Five Tips to Get a Free Five Minute Break

break for baby momma I’ve had a 16-month old baby boy running circles around me, with a couple more tots to keep up with, so I know what is sometimes your heart’s desire, momma. If you are reading this, you see your time as precious! Separation anxiety is said to peak around 18 months, which can be a little disheartening if your baby is struggling with it at eight months. Toddlers often need to be in plain sight of you, no matter what, to help ease the scariness of their emerging independence. And don’t get me started on trying to lay down a sleeping infant and tiptoe off to the laundry only to hear that cry of alarm as you cross the threshold.  Momma just needs five minutes!

Of course, there are the screens, however, we all know what the AAP has to say about this- can we get some serious mommy guilt?  Many will recommend getting a babysitter, but they aren’t the ones footing the bill- it’s just not an option for moms on a tight budget.

Here are five free (and TV-free) ideas to get that elusive break:

1.  Move to a different room

A change of scenery may be all baby needs. Have toy bins stashed in the den, in baby’s room, even one in your bedroom where you get ready in the mornings.  You can be together but each doing your own thing.

2.  Toy rotation

Keep a large container in storage, filled with all those “forgotten” toys. Once a month, pack up the less-played-with toys and bring out last month’s treasures- they are now new again which means a longer play session.

3.  Book stations

We have had much luck finding box-style magazine racks at Goodwill. Again, keep one in each room possible- the kids’ rooms, the kitchen, the family room. Plop baby down, pull out a few, and see them magically get lost in a few good books while you do the same!

4.  Child-swap with other mothers

Playgroups can be a great time to sit back and chat with other grown-ups (yippee!) Or call up a friend with children of the same ages with this plan: the hostess gets to leave the room for a short break to do whatever she needs, while the guest watches all the kids. Switch homes the following week.

5.  Feed ’em

When all else fails, it’s probably time to eat again. In addition to three square meals a day, toddlers need snacks in between each meal. I have used the time my baby is in the highchair to bumble around the kitchen, flip through a magazine, or go to another room for a few minutes if older children or adults are right there, ready to announce any of baby’s antics.

Another strategy I’ve put into action is simply telling my older children to play with baby. They enjoyed pulling out a basket of baby toys and playing games with their little brother. Score!

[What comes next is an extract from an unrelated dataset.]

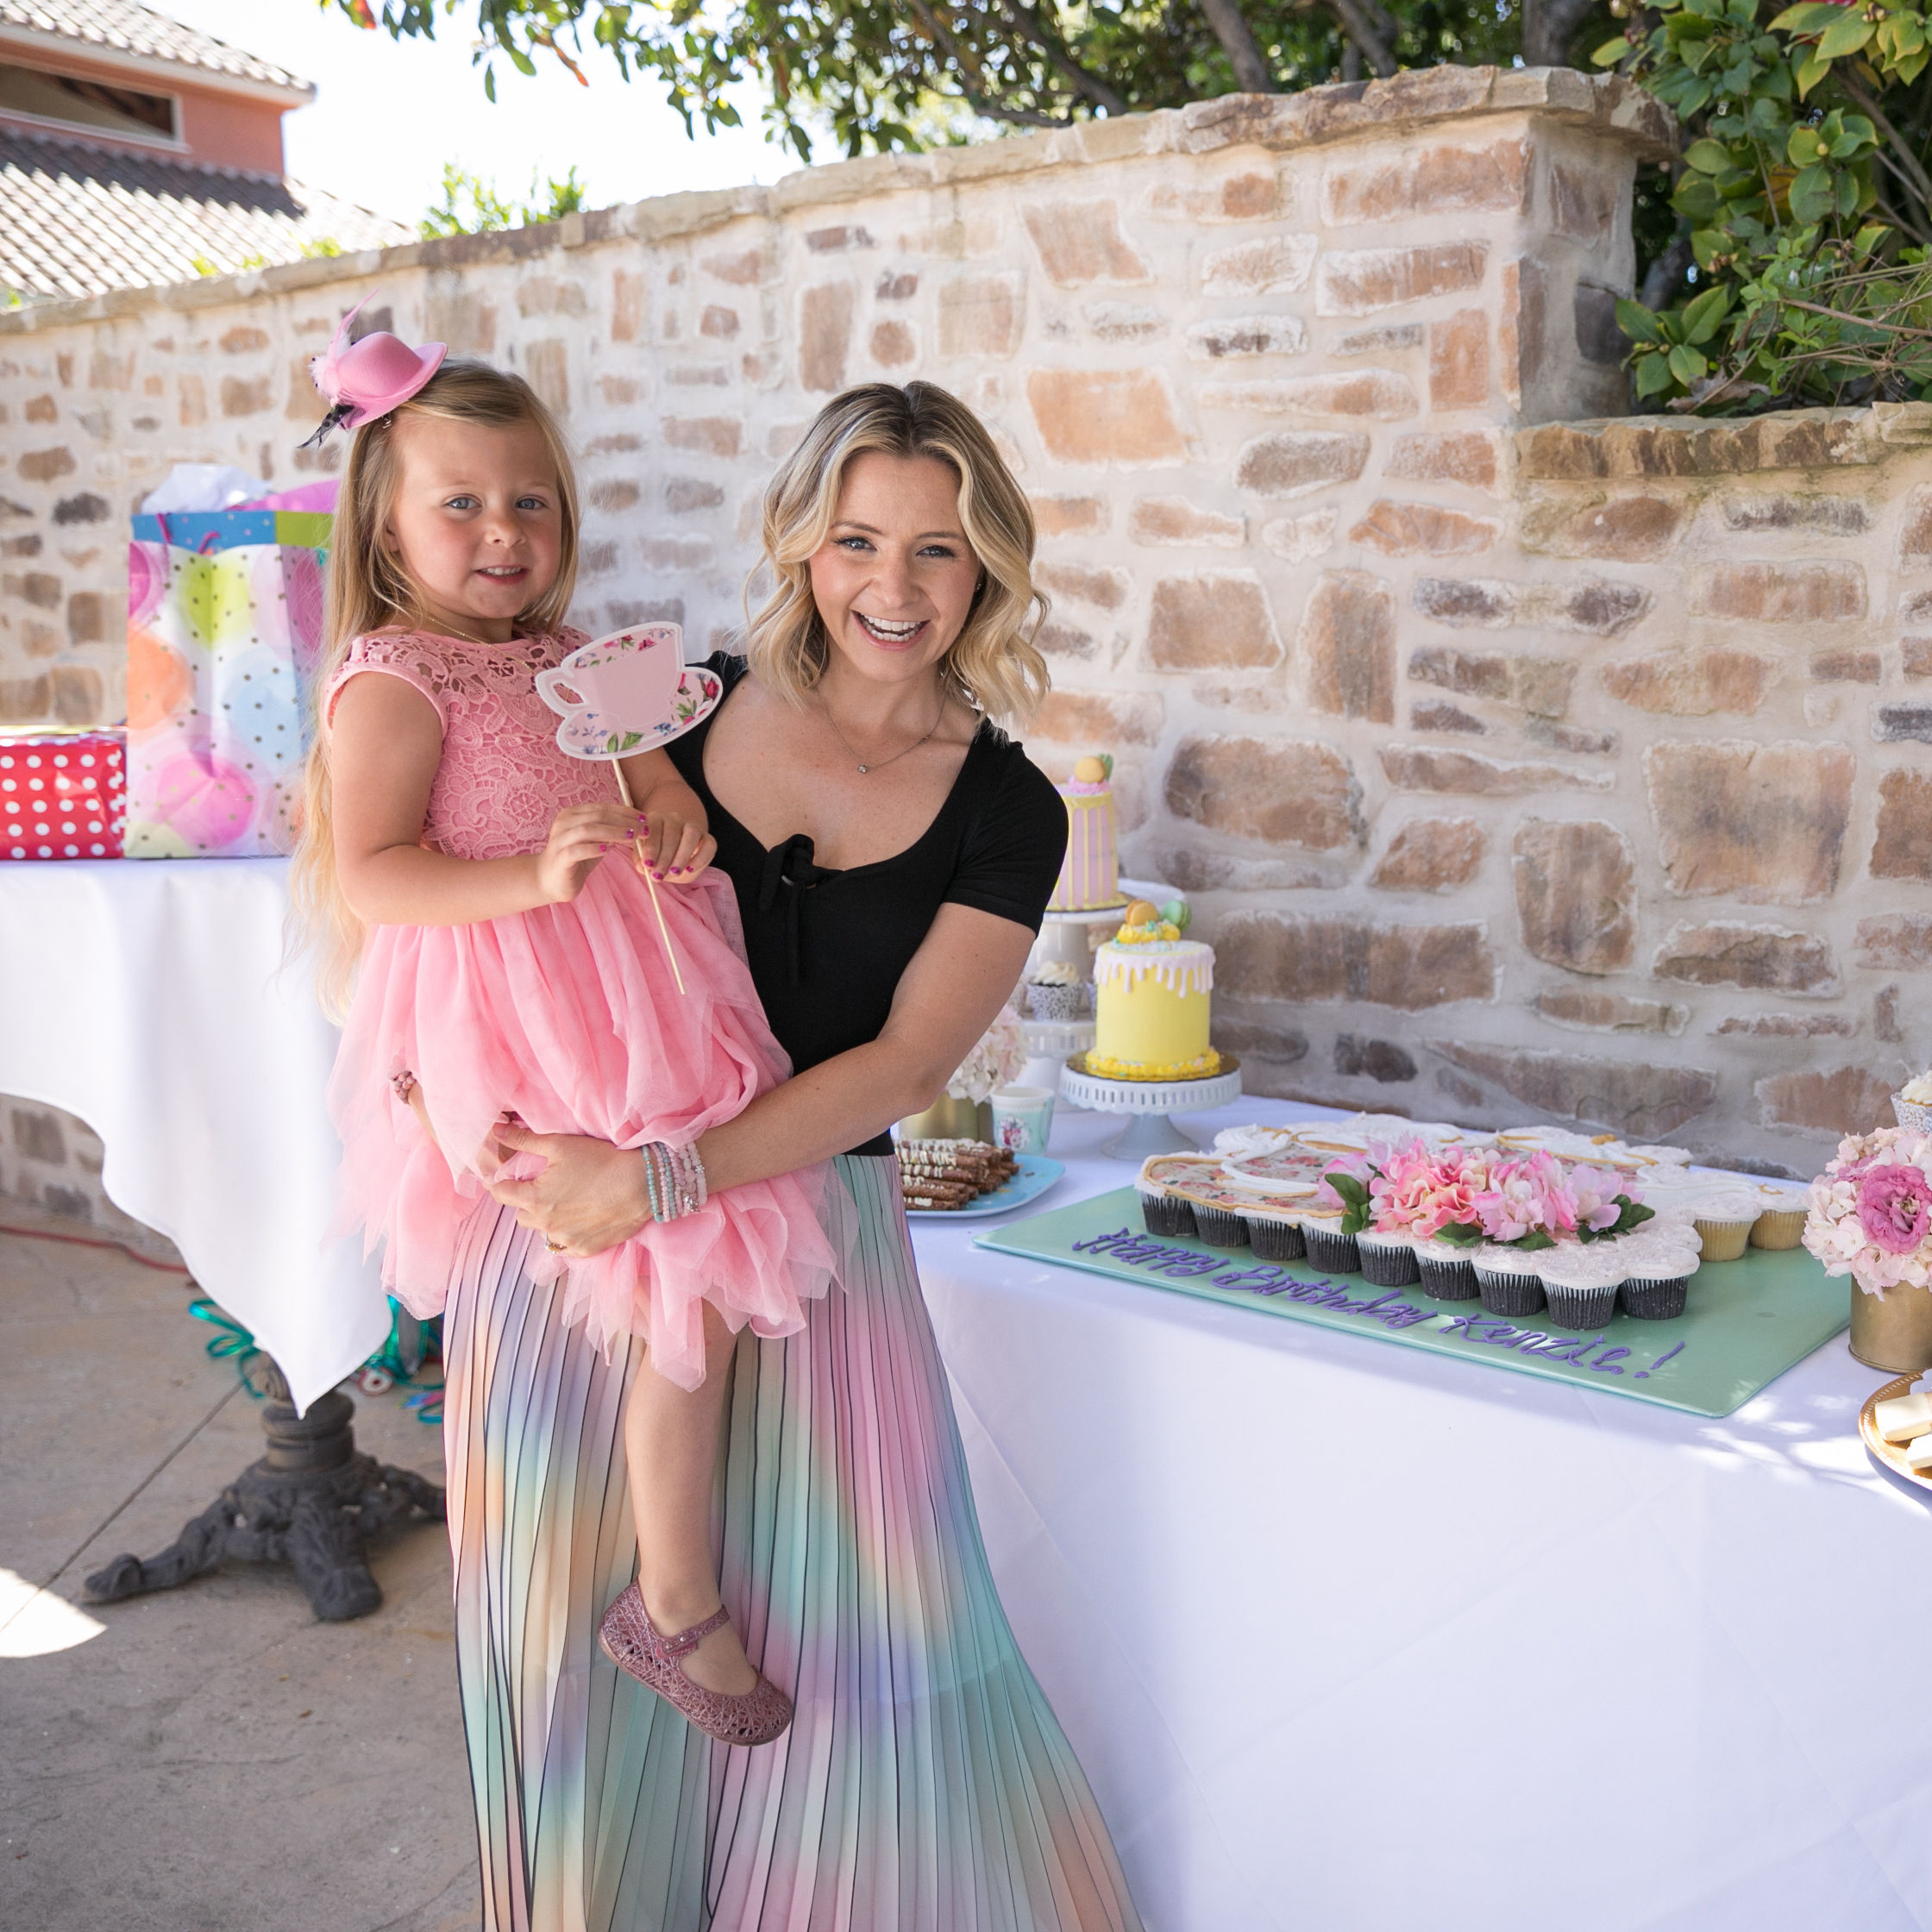 Actress Beverley Mitchell Reveals How She Threw Her Daughter the Perfect Birthday Tea Party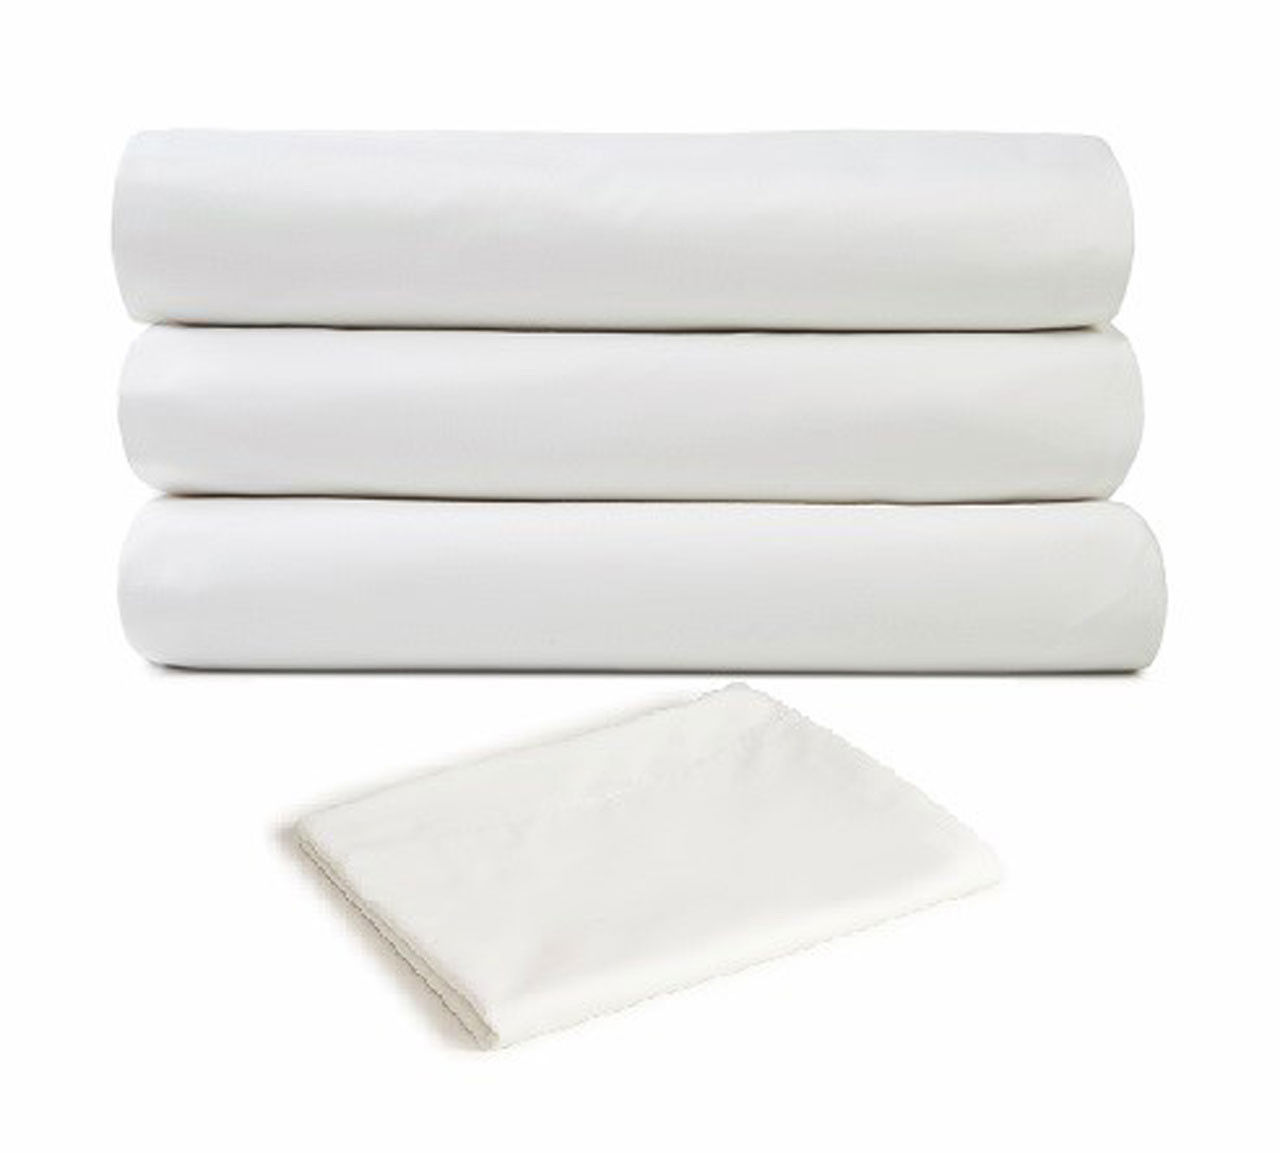 Is 60% cotton 40% polyester good sheets?

Regarding the issue at hand, I get it and won’t gloss it over.  As beautiful as mothering is, it can be hard every single day.  One of my greatest lifesavers was placing this verse inside the cabinet I opened first thing every morning:

Because of the LORD’s great love we are not consumed, for his compassions never fail. They are new every morning; great is your faithfulness.

Lamentations 3:22-23

Most importantly, know that your children will grow more independent.  This is only a brief life stage, although your days- and nights for that matter– may at times feel soooo long.  Before you know it, they will be running off to play on their own, preparing their own snack, and, if you play your cards right, helping around the house  (sometimes they will even do so eagerly!)

And please do share….how do you find a five-minute break? (short of locking yourself in the bathroom!)